Debunking yet another set of wireless myths

A little while ago, I promised I’d respond in greater depth to some comments made by Craig McTaggart, Telus’s head of broadband policy, in his 42-page paper that delightfully borrows Cher’s “Turn Back Time” title. That document was itself a rebuttal to some of the observations previously made by me, University of Ottawa professor Michael Geist and consumer advocates Open Media. My own musings were in response to a report from Scotia Capital that sought to dispel some myths about Canada’s wireless market. It’s a long chain of rebuttals, but here we are.

It’s taken a while to get through all 42 pages, so I won’t punish anyone with a similarly long response. I only hope that if McTaggart does choose to continue the debate that he keeps it short and punchy too. I’ve distilled my responses to his points down to 10, at least as far as they’re relevant to anything I’ve written.

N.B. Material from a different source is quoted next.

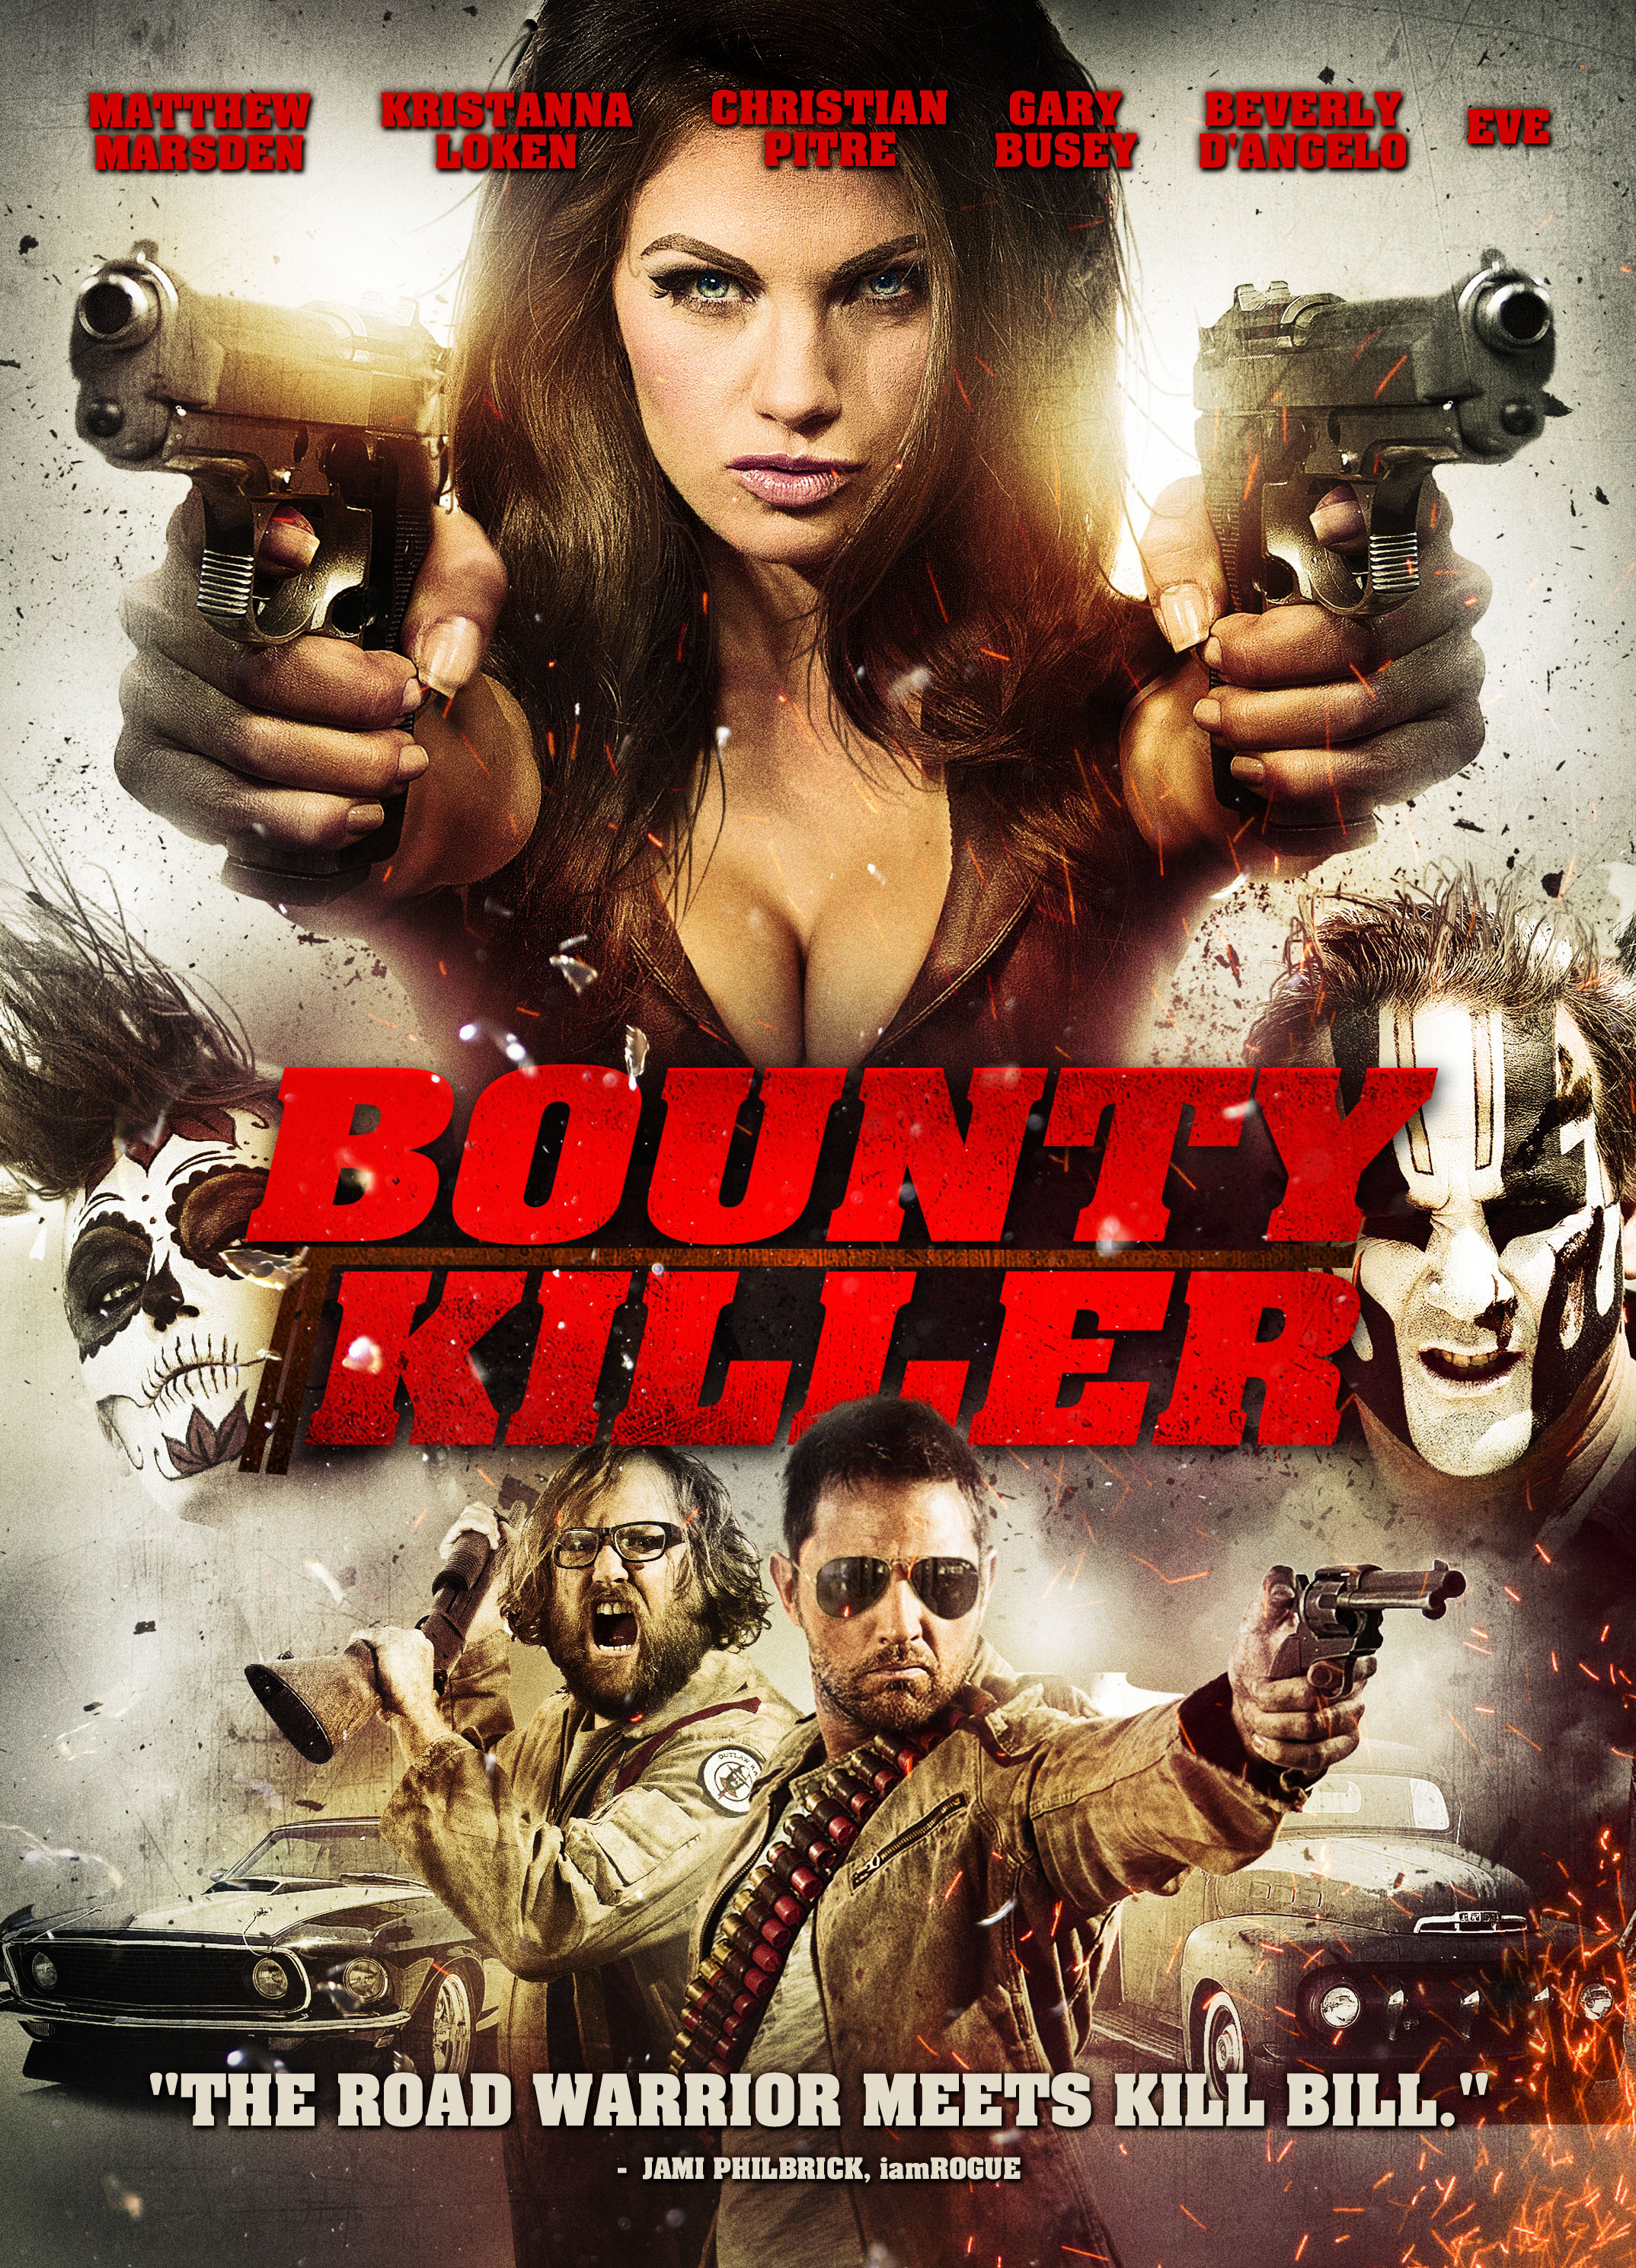 No Room For Corporate Greed In Latest Bounty Killer Release Hnn
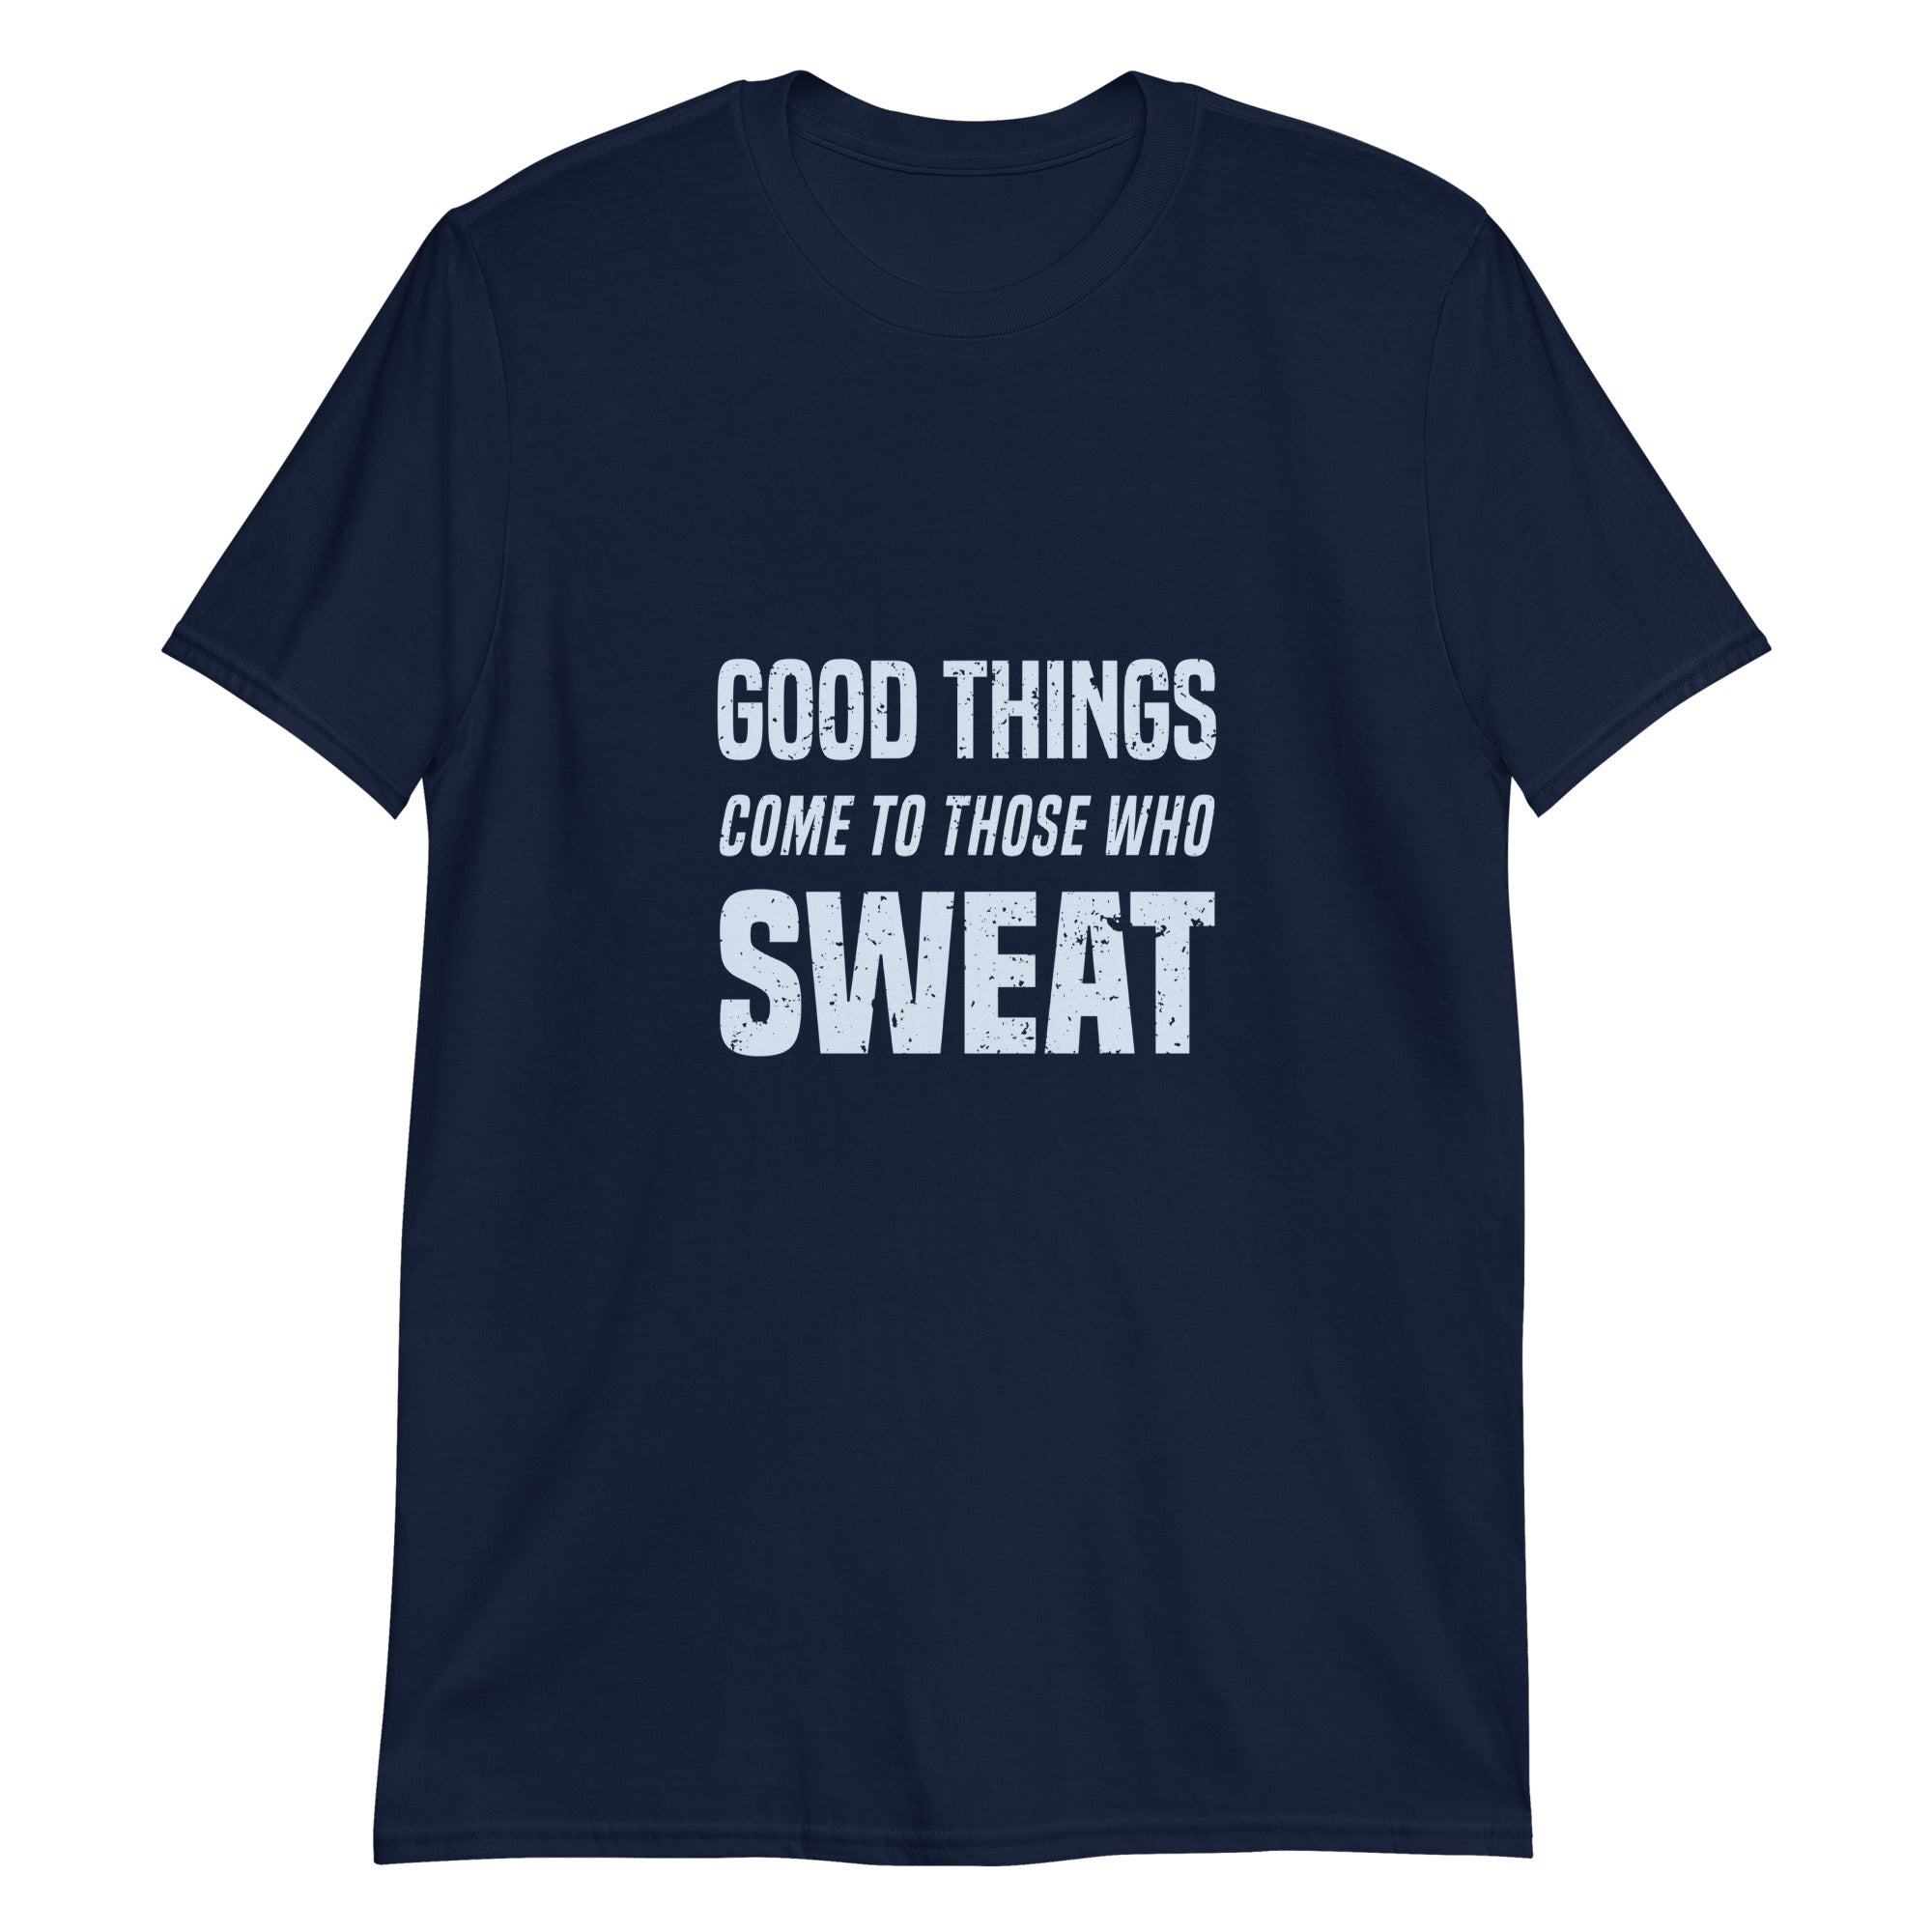 Good things come to those who sweat

1. High ARPU does not equal high prices. Both Geist and I initially responded to McTaggart’s claims that Canadian carriers’ world-topping average revenue per user does not necessarily mean that subscribers here pay high prices. I think we both did a good job at countering that; claims to the contrary suggest that ARPU is high because Canadians use their phones more than people in other countries, but that’s not true. Brits use more data while Americans use more minutes, yet ARPU is significantly lower in both countries. And if for some reason ARPU really doesn’t equal high prices, it definitely does equal high bills, which is really the only measure that matters to consumers at the end of the day. There’s no two ways about it: Canadians have the highest wireless bills in the world.

2. Growth projections. McTaggart repeatedly criticizes Geist and Open Media for using outdated data – I’m grateful he doesn’t level the the charge at me – but at the same, he also repeatedly uses data that hasn’t happened yet, especially when it comes to talking about Canada’s wireless penetration. Both McTaggart and Scotia Capital flagged Canada’s high smartphone growth as somehow being important. The number is indeed high – at 49.5%, the rate at which Canadian carriers added smartphone customers was the highest among developed nations in the third quarter of 2012. But so what? It’s a figure that doesn’t matter for a number of reasons.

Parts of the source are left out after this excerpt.